The technology behind these indexers has four notable problems.

We do not intend to dismiss the current flock of web indexers as useless. In fact, in the course of the writing this paper we found ourselves using them quite frequently. Making innovative use of IR technology, the indexers are often successful at supporting resource discovery in a framework (the Web and HTTP) that provides little infrastructure support for the service. In fact, even when only marginally successful, the web indexers have a definite role in the resource discovery process.

What distinguishes current networked resource discovery from the traditional library model that was discussed in the previous section is the limited, if almost non-existent, role of surrogates in the process. Using Kunze's two-phase model as the basis for examination, we find that these web indexing services make no use of surrogates during the location phase. The notion of a common cataloging record format and a means of associated it with HTML documents are still in the development stages. These network resource discovery tools treats resources and queries as unstructured collection of tokens. In the process of query/resource matching, attempts are made to improve precision and recall using heuristics that attempt to interpret which tokens are of greater semantic relevance. As an aid during the examination phase, these services generally construct an informal surrogate to display search hits. This surrogate generally consists of the URL, title of the Web page, and some summary text that is derived with the aid of some heuristics.

We do not doubt that there is value in resource discovery tools that operate without the aid of structured surrogates. They allow automatic indexing and location of any resource. They suited for "needle in a haystack" type resource discovery tasks. However they can not be viewed as the solution for networked resource discovery, but as a compliment to more structured methods that make use of surrogates.

In the final section of this paper, which follows, we describe the potential for moving beyond the surrogate abstraction in the networked realm. Through the use of composite object architectures and processing techniques we can create a more adaptive surrogate abstraction and, as a result, more powerful resource discovery tools.
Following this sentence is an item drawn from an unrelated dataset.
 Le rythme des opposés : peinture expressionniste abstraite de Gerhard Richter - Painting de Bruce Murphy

Beyond Static Surrogates - Opportunities in Networked Resource Discovery

Recognizing the limitations of current Internet resource discovery tools, members of the Internet, World Wide Web, and digital library community are currently actively pursuing both standards for descriptive surrogates for networked objects and methods for associating surrogates with those objects. One well-known effort is the Dublin Core Metadata Workshop Series [DC], which has produced a fifteen element descriptive metadata set, the so-called Dublin Core. The Dublin Core, as originally conceived, is intended to be a core metadata set that is easy to create and maintain and contains the minimum number of elements required to facilitate resource discovery in a networked environment. Using the terms we developed in the first section of this paper, the Dublin Core was conceived as a coarse granularity, domain-independent metadata scheme.
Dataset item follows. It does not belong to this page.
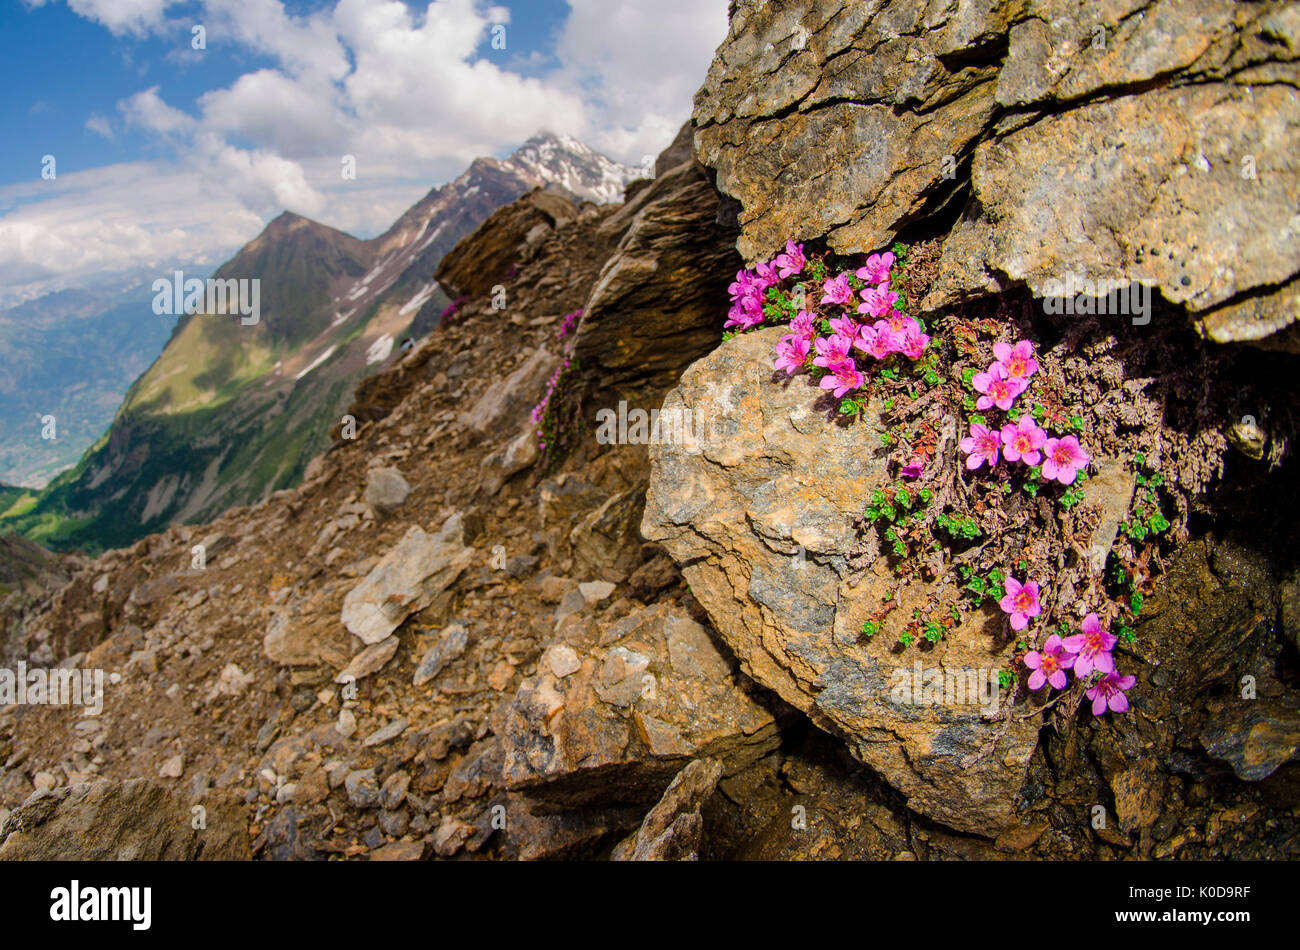 Saxifrage (Aosta Valley, Italian alps) Stock Photo

The effort to develop a method of associating descriptive metadata with HTML documents has most recently centered on PICS [W3C].  PICS was originally designed as an infrastructure for associating ratings with networked content. One targeted use of PICS was to enable parents to control what children access on the Internet. The PICS-NG [PICSWG] effort extends this infrastructure to make it possible to attach any descriptive labels, or metadata, with content.

Creating new descriptive surrogate standards for networked objects is essential, but not sufficient. We argued earlier in this paper that the resource discovery is notable for its instance-specific set of requirements. In other words, no single descriptive standard is sufficient for the wide-range of needs - specific to role, granularity, phase, etc. - which overlap through the resource discovery process. In fact, any attempt to formulate an all-purpose descriptive standard for networked objects is in danger of revisiting territory already explored by the AACR2 and MARC community.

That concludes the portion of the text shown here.